Rappresenta piuttosto un baluardo normativo posto a difesa di diritti fondamentali della persona che, per loro natura, sono chiamati a essere compressi in situazioni emergenziali, come quella che sta interessando il Paese e le aziende necessariamente coinvolte.
Va da sé che le aziende che avessero già adeguato il proprio sistema di gestione interno del trattamento dei dati dei dipendenti si trovano in questa fase agevolate nella gestione delle ulteriori informazioni che i titolari e i responsabili dei singoli trattamenti sono chiamati a trattare.
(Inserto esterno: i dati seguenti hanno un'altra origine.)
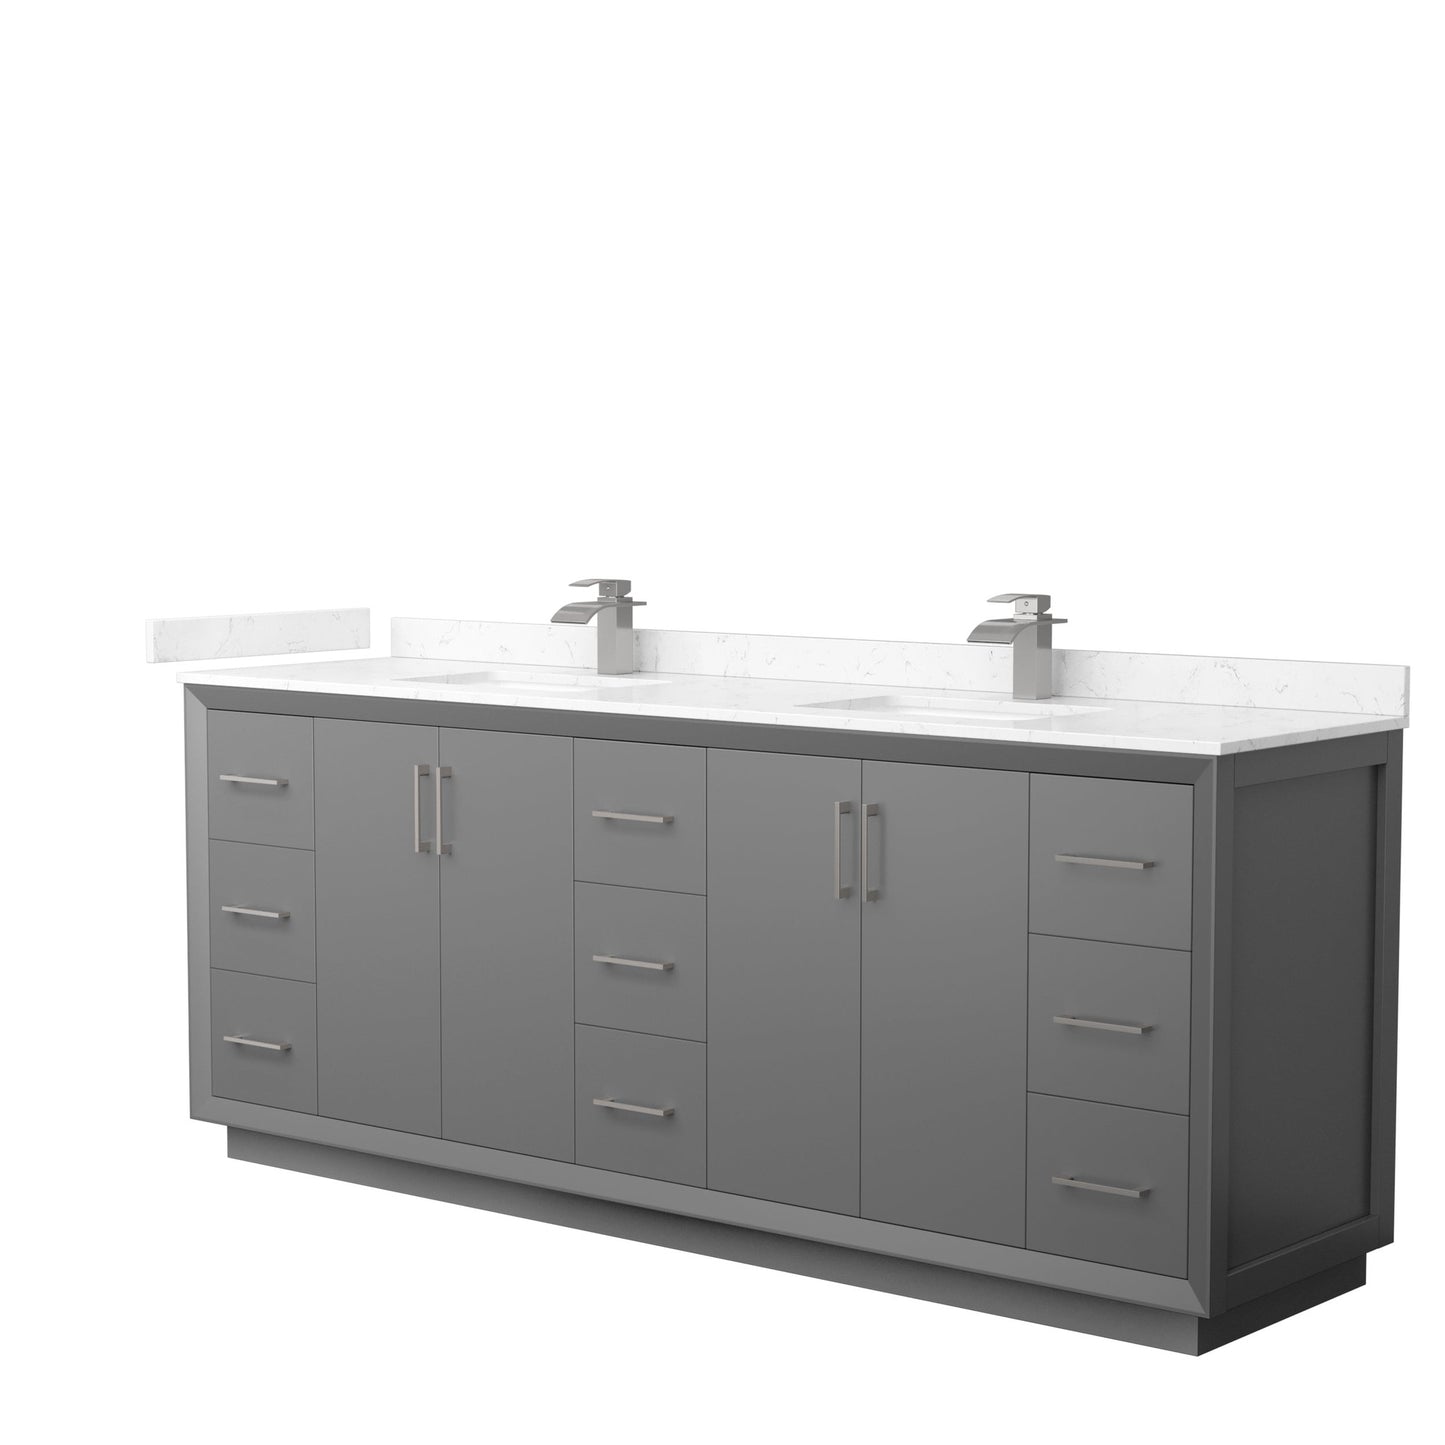 Wyndham Collection Strada 84" Double Bathroom Vanity in Dark Gray, Carrara Cultured Marble Countertop, Undermount Square Sink, Brushed Nickel Trim

In questi contesti diviene centrale il ruolo degli organismi privacy preposti a verificare l’attuazione e l’adeguatezza alla normativa in tema di trattamento dei dati in un momento storico in cui, proprio perché la tutela della riservatezza appare recessiva rispetto ad altri interessi in gioco, si ritrova, ancora una volta, i riflettori puntati.